= Mark Ettinger =

American singer-songwriter

Mark Ettinger is an American singer, songwriter, conductor, multi-instrumentalist, and juggler from New York City. From 1998 to 2016 he performed regularly as a member of the Flying Karamazov Brothers under the stage name Alexei Karamazov.

==Background==

Born in Manhattan, Ettinger started his musical life after taking piano lessons as a child. During his teens, he played keyboards and bass for a variety of local bands, including Joey Miserable and the Worms, The Special Guests, The Hues Blues Band, and David Peel and the Lower East Side. After studying music, philosophy, and literature at Columbia University, he received his master's degree in composition and conducting from Mannes College of Music. He stayed at Mannes for several years as a professor, until he was offered a job as a performer with the Flying Karamazov Brothers.

==Alexei Karamazov==

In 1998, Ettinger joined the Flying Karamazov Brothers, the world-famous juggling troupe. Selected for his musical talents and theatrical experience, he was dubbed Alexei Karamazov. His first show as a Karamazov was the technology-based L'Universe.

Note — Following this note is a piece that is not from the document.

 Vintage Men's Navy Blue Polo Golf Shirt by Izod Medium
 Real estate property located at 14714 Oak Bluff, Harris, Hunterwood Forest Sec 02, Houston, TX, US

He has since performed in Catch!, Life: A Guide For The Perplexed, and the Orchestra Shows, in which he has acted as conductor for various orchestras, including the Seattle Symphony, the Cincinnati Symphony Orchestra, and the Dallas Symphony.

==In This World==

In 2005, Ettinger released his debut CD, In This World, a collection of original songs featuring a variety of guest artists. The style ranges from folk to rock to blues.

Track Listing

1. Excerpt – the Victrola Mix
2. Come Back Home
3. Into an Hourglass
4. Chester Town
5. Hey Darling
6. Do You Know the Way Home?
7. In the Shallows
8. How Can I Be Sad?
9. Flickering Flame
10. Strange Emotions
11. Caroline
12. Teacup
13. Feed Us All (Papa Ray)
14. Lay Your Cares Aside
15. No More Sorrow
16. In This World

In This World is co-produced by David Seitz (Dar Williams, Richard Shindell, Christine Lavin, Bruce Springsteen). Many renowned musicians join him on these recordings, including Steven Bernstein (Lou Reed), Kenny Wollesen (Norah Jones) and Doug Wieselman (Lucinda Williams).